# Help!! '82 310GX Timing/Crank prob's



## KCook (Aug 16, 2006)

My daughter is sportin' an '82 310GX with the (E15?) motor. It died at an intersection, hauled it home. I pulled the dist. cap and hit the ignition and it doesn't spin. I've started pulling the timing cover (bottom left screw won't come out). The belt is still good. It looks like the key in the crankshaft belt pulley has sheared. I can't get the pulley off...is the bolt reverse thread or regular? How do I keep the motor from turning while turning the bolt?

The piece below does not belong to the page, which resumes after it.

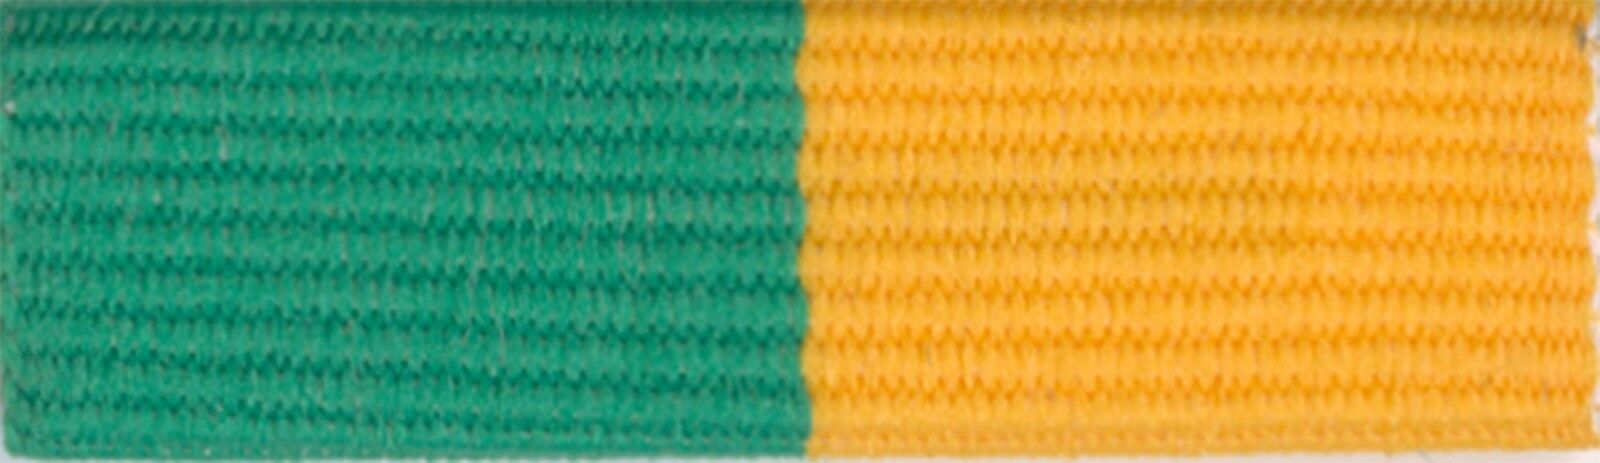 Boy Scouts of America Official Explorer Crime Prevention Ribbon Bar Award New
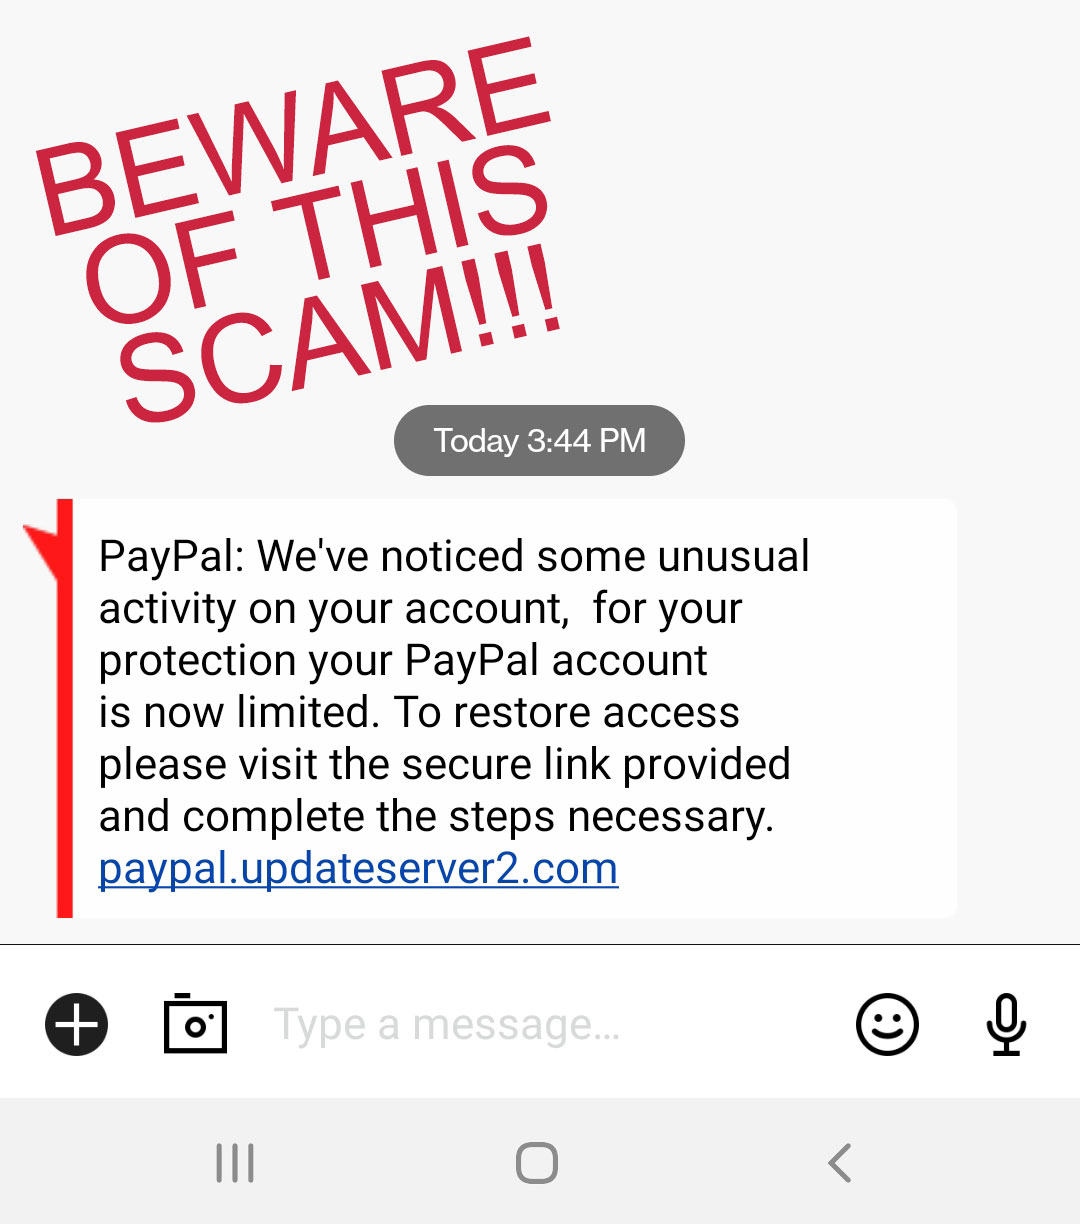 beware-paypal-scam-1-26-21

Is there a trick to it?

I thank you in advance for your help...the sooner her car runs the sooner I get mine back 

Thank you,

Ken


----------



## Lazarus_023 (Jun 3, 2003)

wow, man... shoulda tried the E/CA engine forum...

the bolt is standard thread.

to keep the engine from spinning (manual transmission, right?) put the car in high gear and have someone step on the brakes whilst you loosen it.

sheared the crank key? sounds very unlikely... you're certain everything else is spinning? the crankshaft pulley? you've got good timing belt tension? you're positive the belt isn't *stripped* on the crank side (pretty common)? (that'll show good tension, but the belt won't turn). you'll have to get the balancer off in any case. follow the above instructions. with both the upper and lower covers off, check for evidence of belt failure again... you'll most likely find the teeth stripped off on the crank end of the belt. 

if that's not the case, feel free to check the lower cog and key... BUT:
BE VERY CAREFUL if you attempt to remove the lower timing cog. the early e-series engines had ALUMINUM cogs that are VERY easy to damage. make sure you can get a replacement before attempting to remove an aluminum cog.

if the engine is turning, and the cam is not, it is very likely that you have also damaged your valvetrain (most likely bent valves and POSSIBLY, but not all that likely, damaged your pistons (cracked upper ring lands)). you may have to check that also.


----------